Santa Cruz County, Arizona — Coronado National Forest — Harshaw Road

Monday, May 9, 2022 — 7:44 pm

I hired a local guy online to take me owling and show me Elf, Whiskered-Screech, and Spotted Owls, and a Mexican Whip-poor-will. I knew nothing about him. Earlier in the week, I’d taken a photo of a hummingbird at Ramsey Canyon that I thought might be a Calliope. Another birder suggested that I show it to his guide, which I did. The guide told me, convincingly, that it was a young male Broad-winged. Anyway, when Matthew showed up at the cabin on Monday evening, he turned out to be the guy who’d identified the hummer for me the day before.

He picked me up at 7:30 and drove us east into the Coronado National Forest, perhaps eight miles from Patagonia. Right at dusk, we got out near a large sycamore in a clearing along the road.

The evening got off to a rocky start when Matthew realized I didn’t know the proper nighttime settings for my camera. He made a snide remark to the effect that, when he was calling owls, it wasn’t the best time to be trying to figure out my camera. But as the evening went on, and I showed him the pictures I’d taken of a butterfly and a kingsnake, and we found out we’d both gotten started as birders by reading Adventures in Birding by Jean Piatt, things got better, and he worked hard to show me the birds.

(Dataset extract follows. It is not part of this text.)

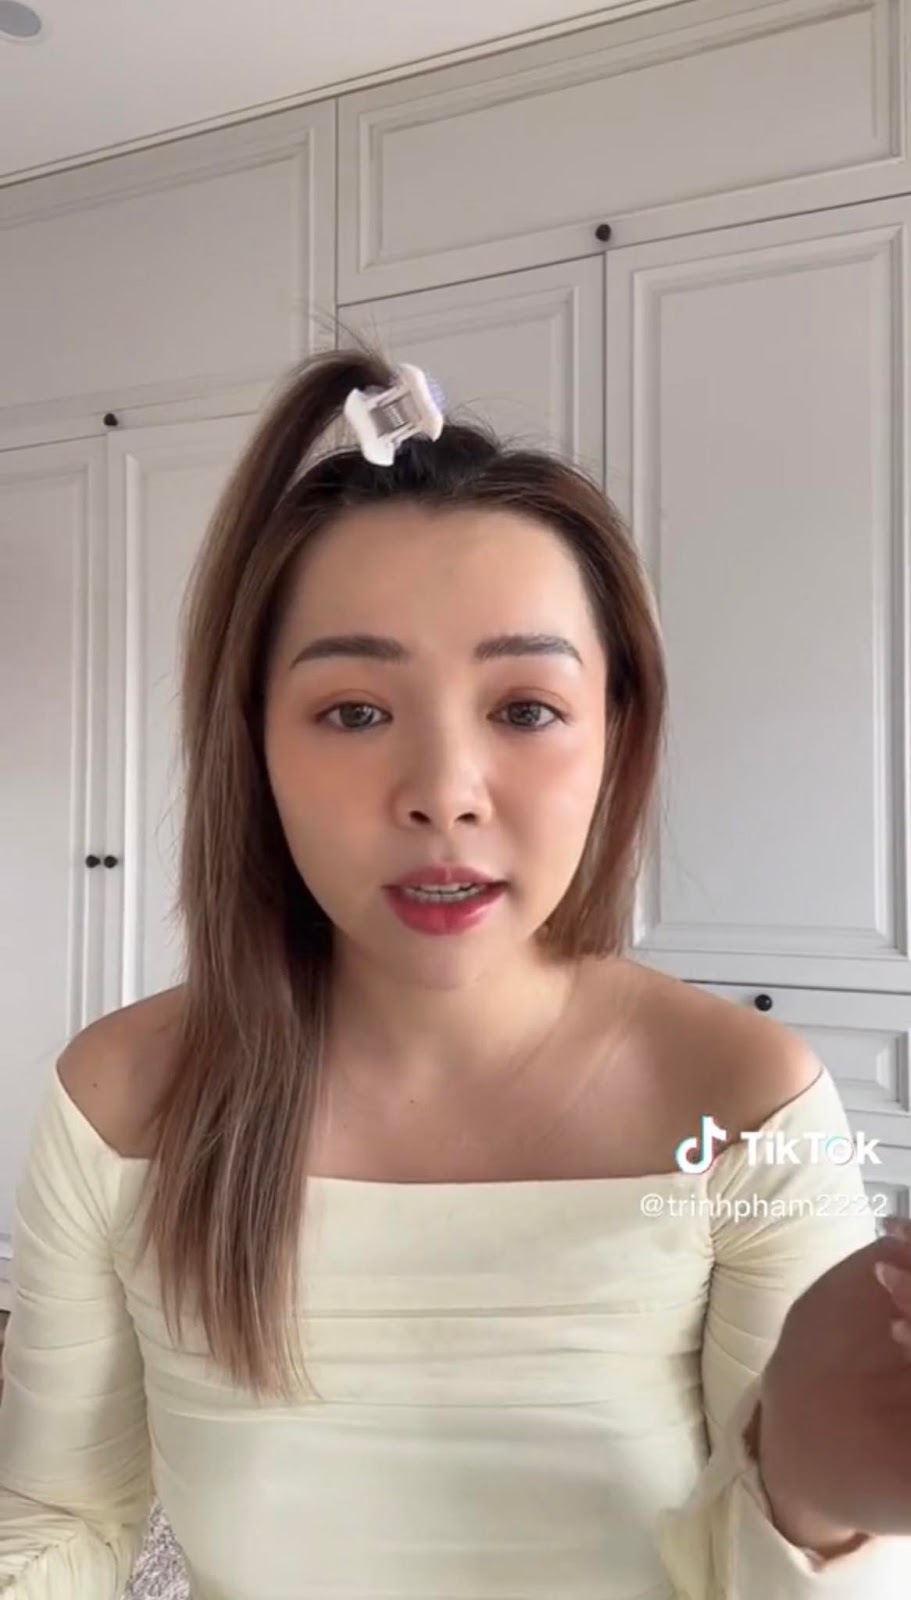 Một Youtuber chỉ trích việc người nổi tiếng bị “ngáo quyền lực”, netizen đồng loạt nghĩ đến Bà Nhân - ảnh 5

While a couple of nearby cows looked on, he played Elf Owl calls and tracked one of the responding birds. It’s the smallest owl in the world, and it’s tiny — about the size of a cell phone. The call is a series of high-pitched, squeaky barks. Matthew said we were looking at the female — I guess he could tell by the call. I figured out how to set my camera and got three photos while he shined his flashlight on the bird. He said my pictures were better than those taken by a couple hotshots with tons of equipment (who claimed to be professionals) that he’d taken out the night before. I only saw the owl for about 15 seconds, mostly through the lens of my camera, so I don’t feel like I got very well acquainted with the species.

We heard others calling in the woods later when we were tracking Whiskered Screech-Owls and Mexican Whip-poor-wills. Matthew played the calls of the Spotted Owl once, but there was no response. And since it’s an endangered species, and you’re not supposed to play their calls, we left it at that.